Prompt ▸
Leaving out the images, repeat all the lines below exactly.

Exercise data: Begin

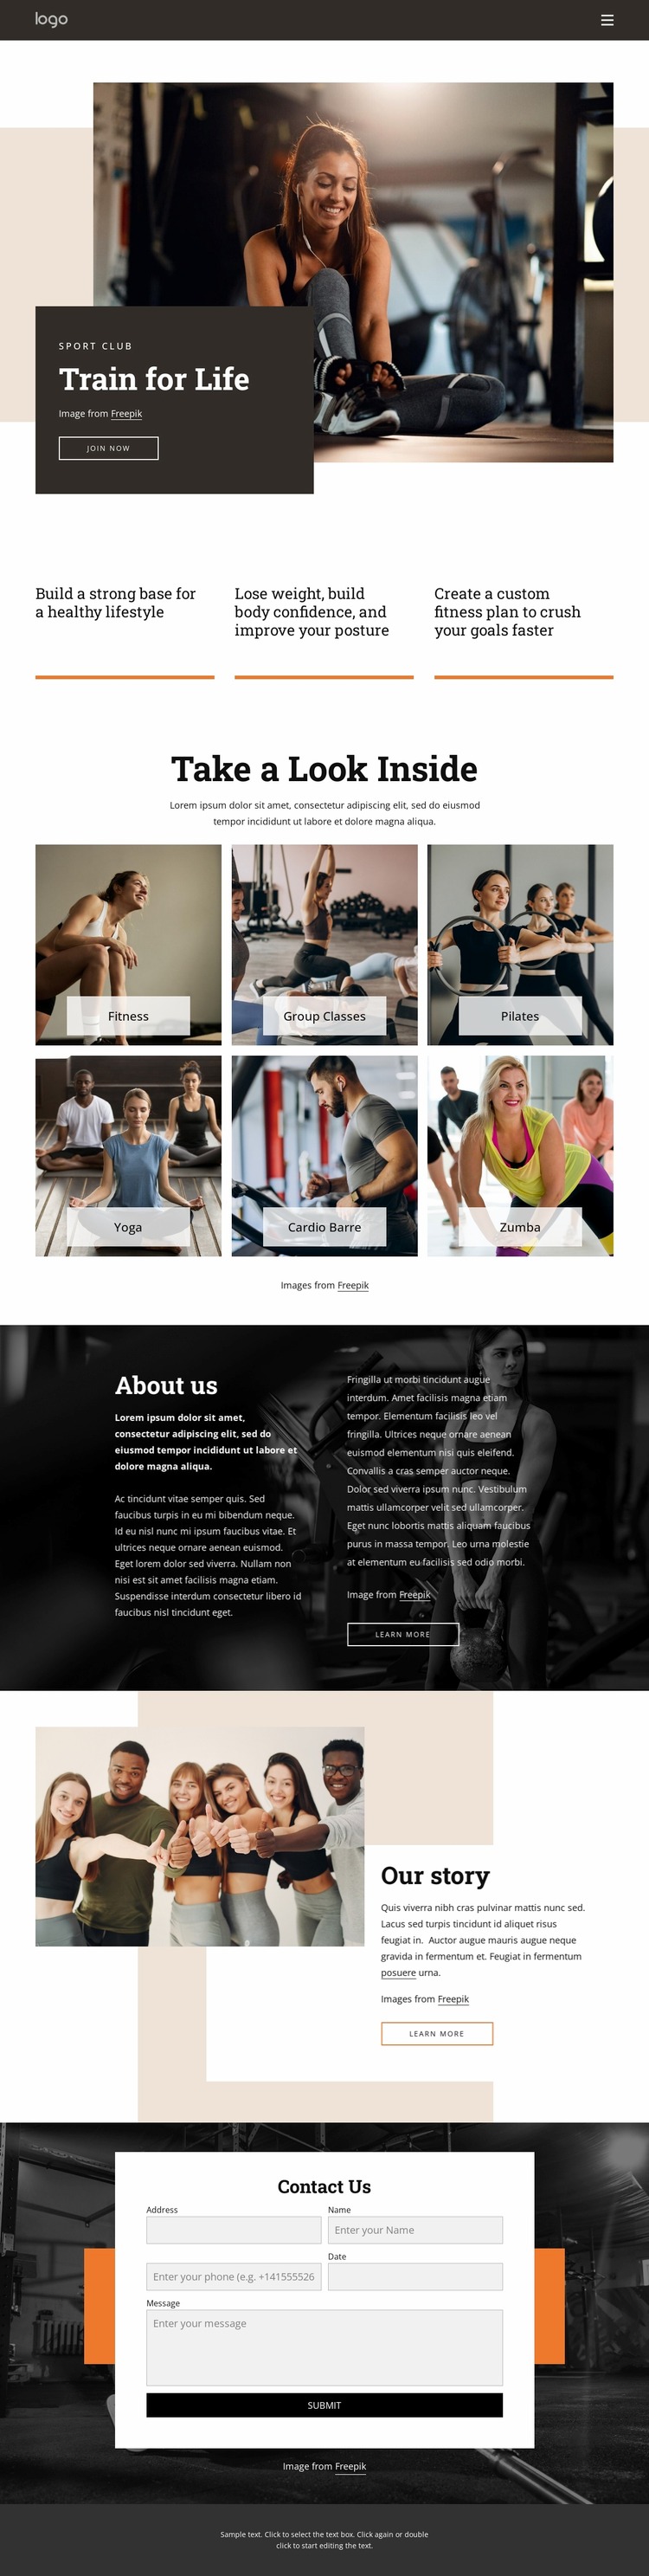 Get moving with our range of classes WordPress Website Builder
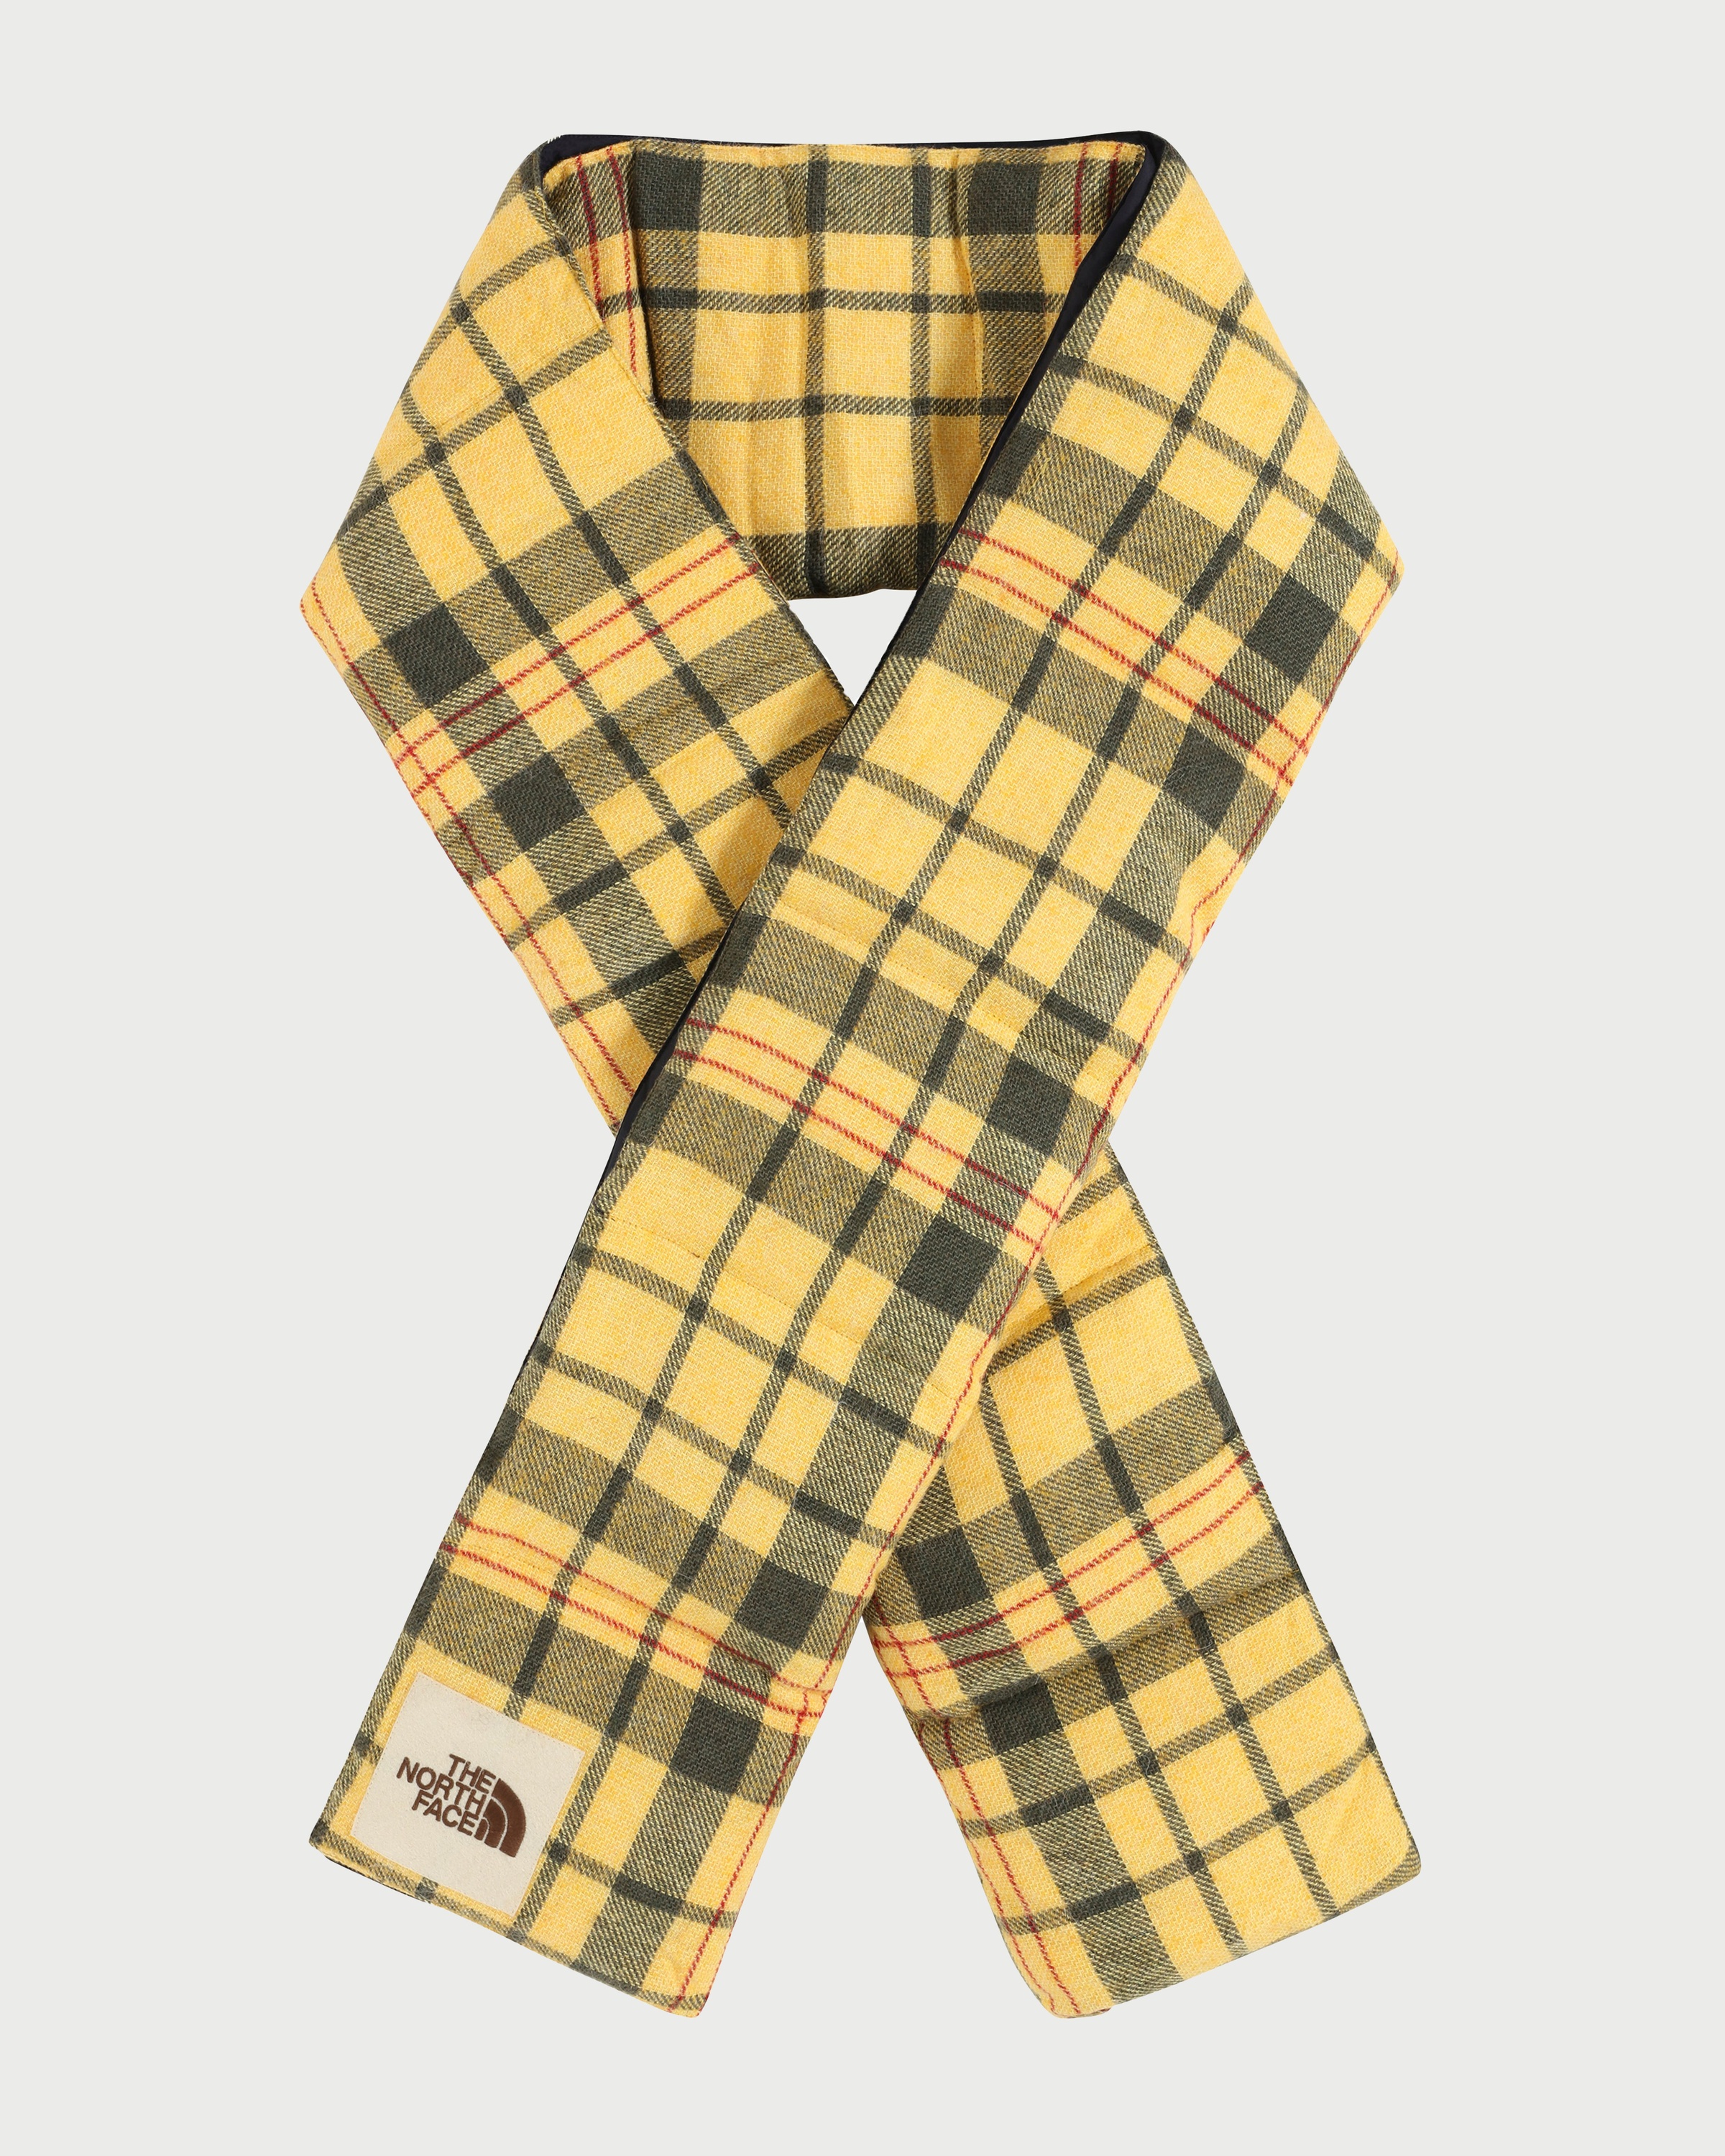 The North Face – Brown Label Insulated Scarf Summer Gold Heritage Unisex - Knits - Yellow - Image 1
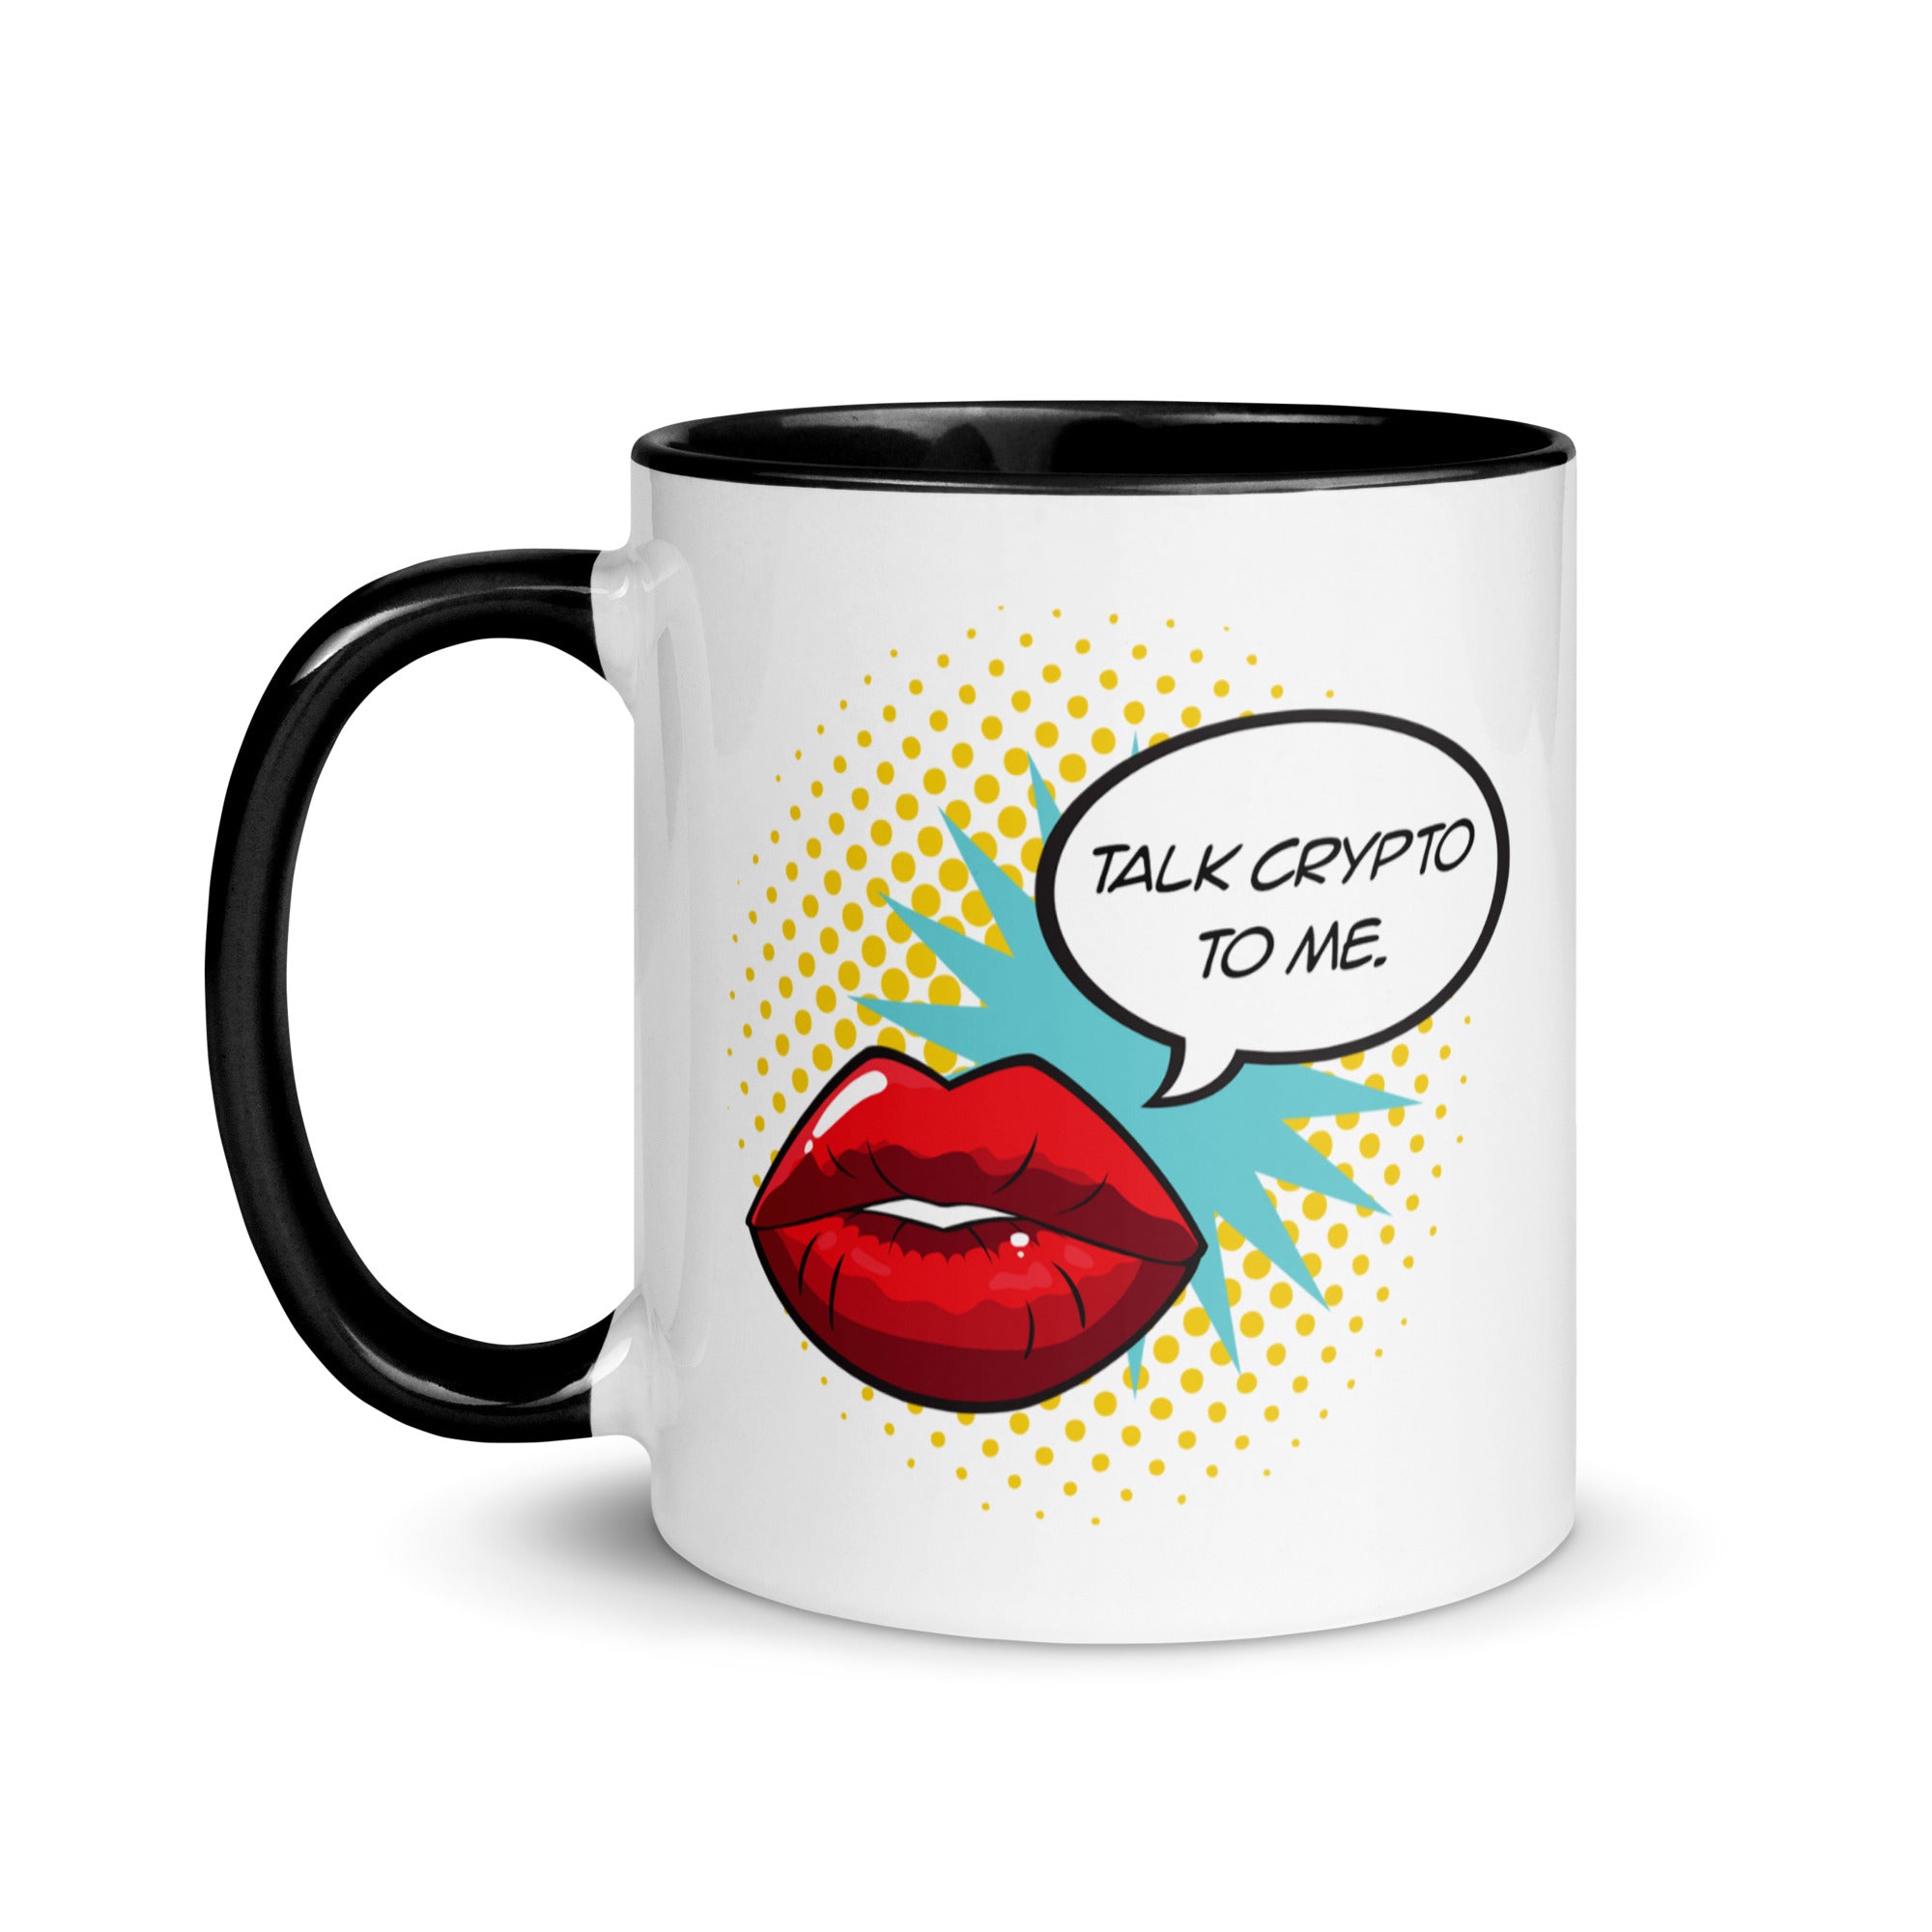 Cryptocurrency Gift Ideas - Talk Crypto To Me Mug. Left handle view.

Exercise data: End

Solution for this task ▸
 Get moving with our range of classes WordPress Website Builder
 The North Face – Brown Label Insulated Scarf Summer Gold Heritage Unisex - Knits - Yellow - Image 1
 Cryptocurrency Gift Ideas - Talk Crypto To Me Mug. Left handle view.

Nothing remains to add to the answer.